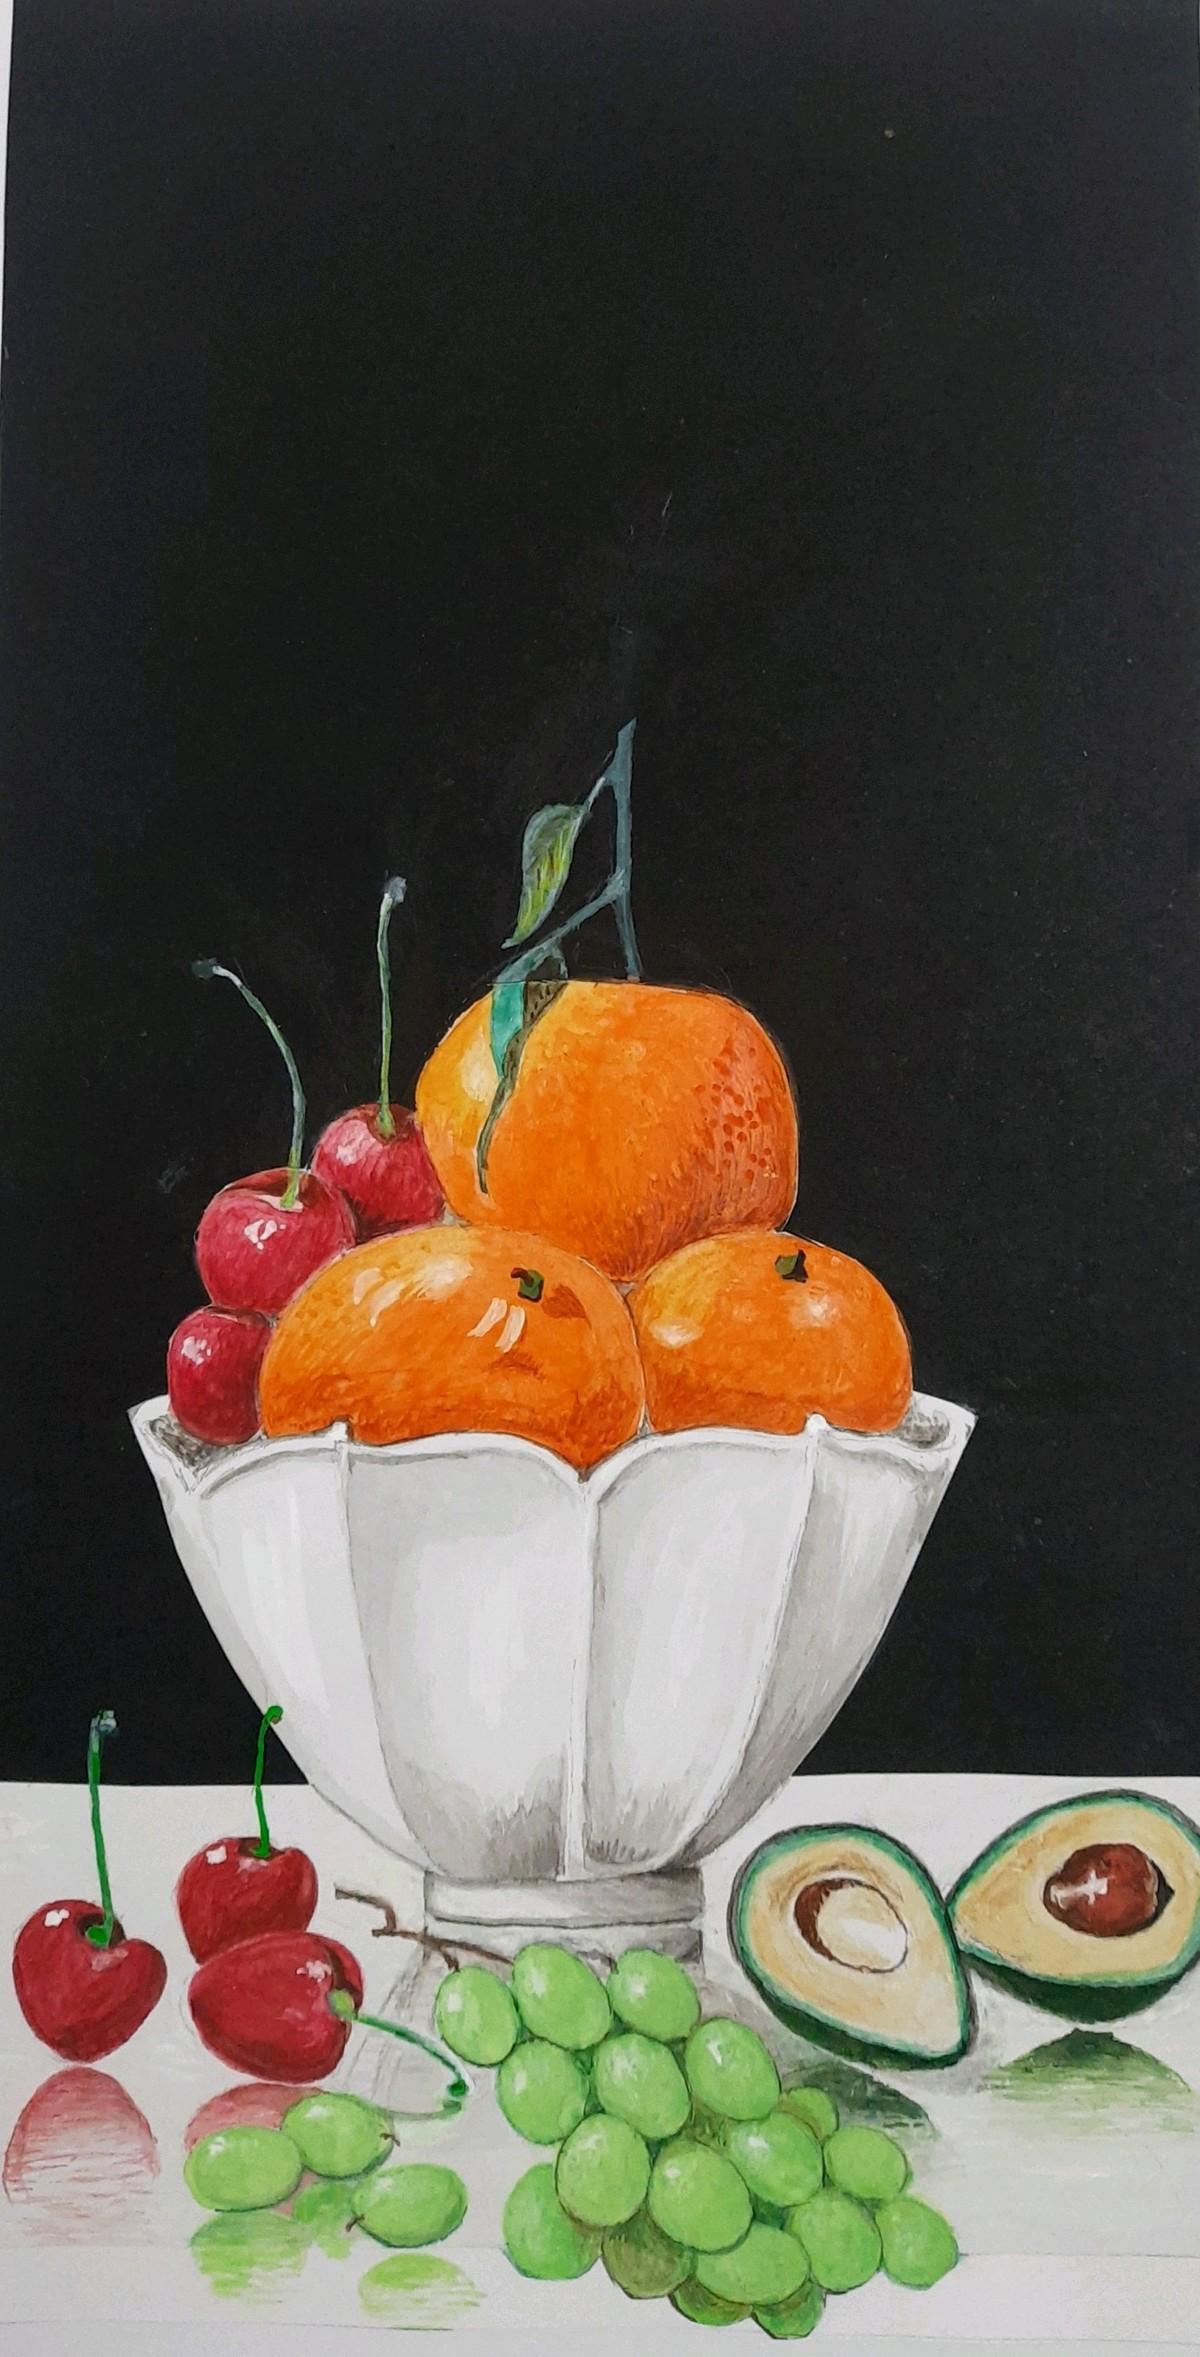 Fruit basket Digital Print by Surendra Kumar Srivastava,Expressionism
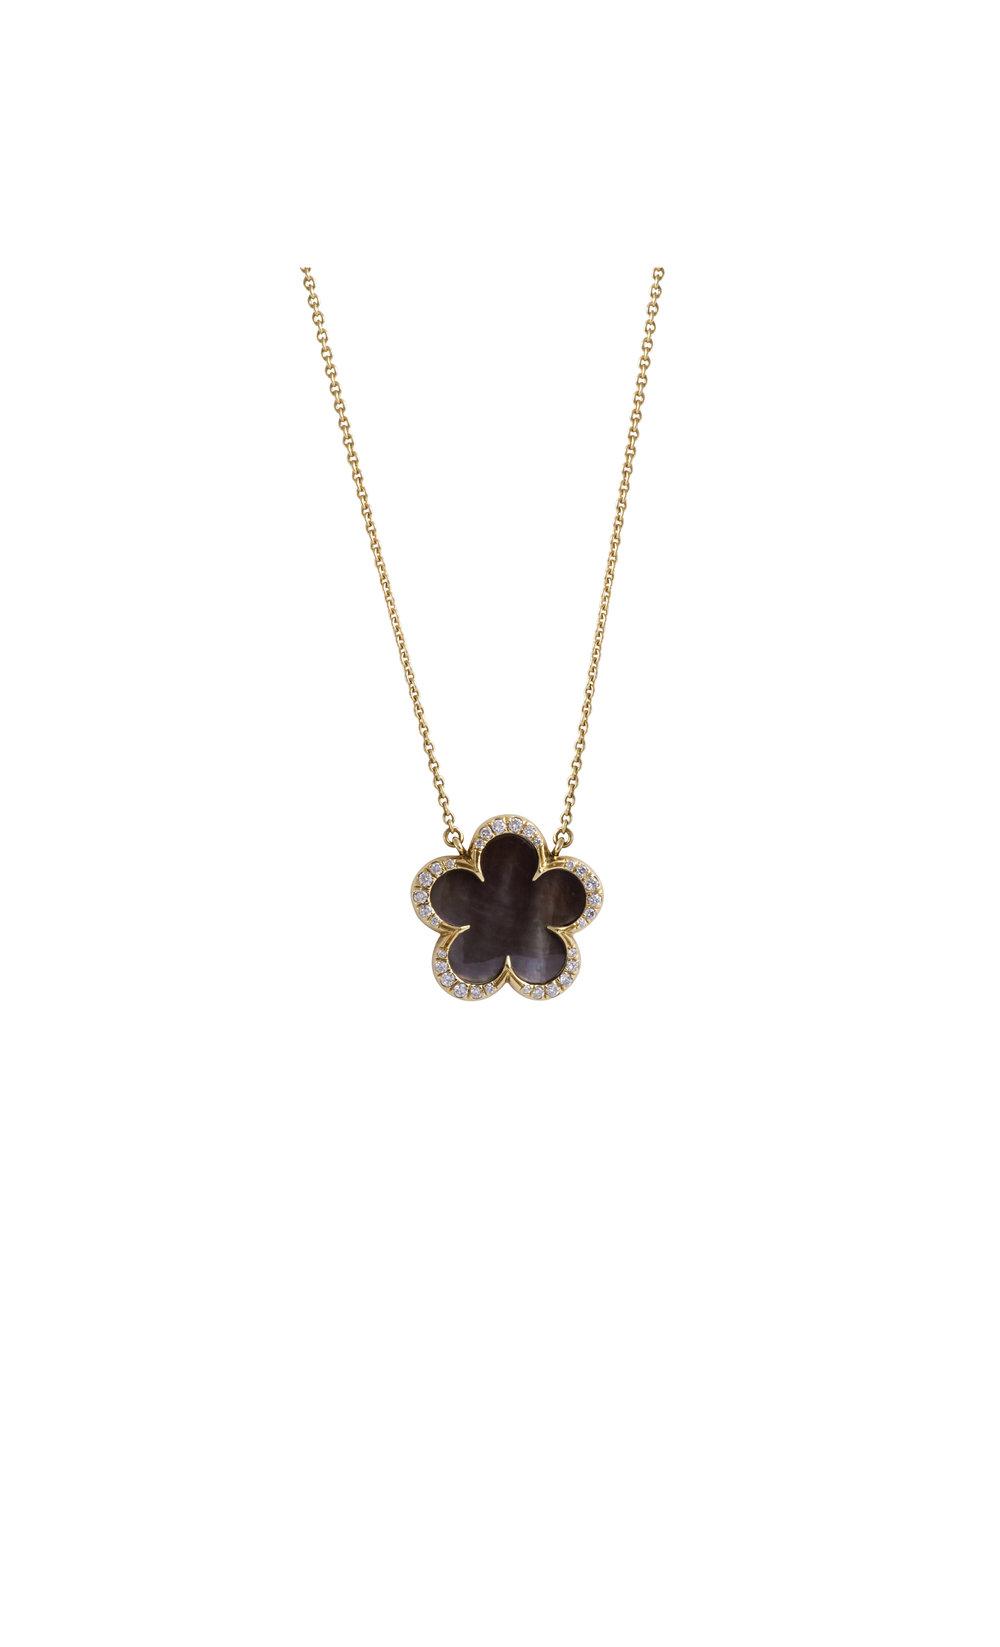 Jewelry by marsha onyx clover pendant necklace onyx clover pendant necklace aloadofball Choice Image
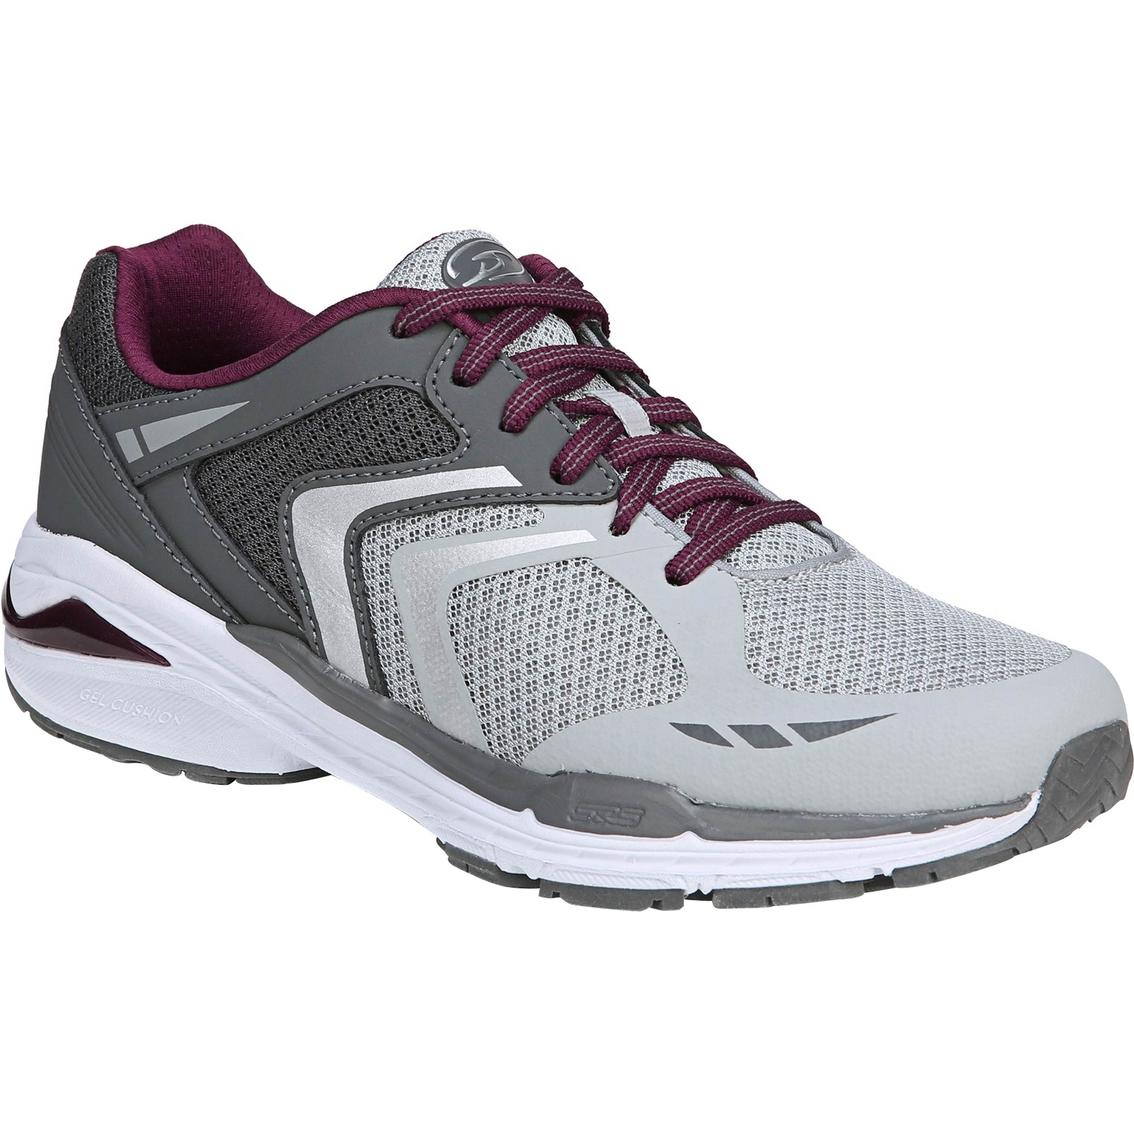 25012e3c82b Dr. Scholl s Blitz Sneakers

**Your objective**
Write out each line again, exactly as it appears above, except for any picture.

**Response to the task**
 Fruit basket Digital Print by Surendra Kumar Srivastava,Expressionism
 Jewelry by marsha onyx clover pendant necklace onyx clover pendant necklace aloadofball Choice Image
 25012e3c82b Dr. Scholl s Blitz Sneakers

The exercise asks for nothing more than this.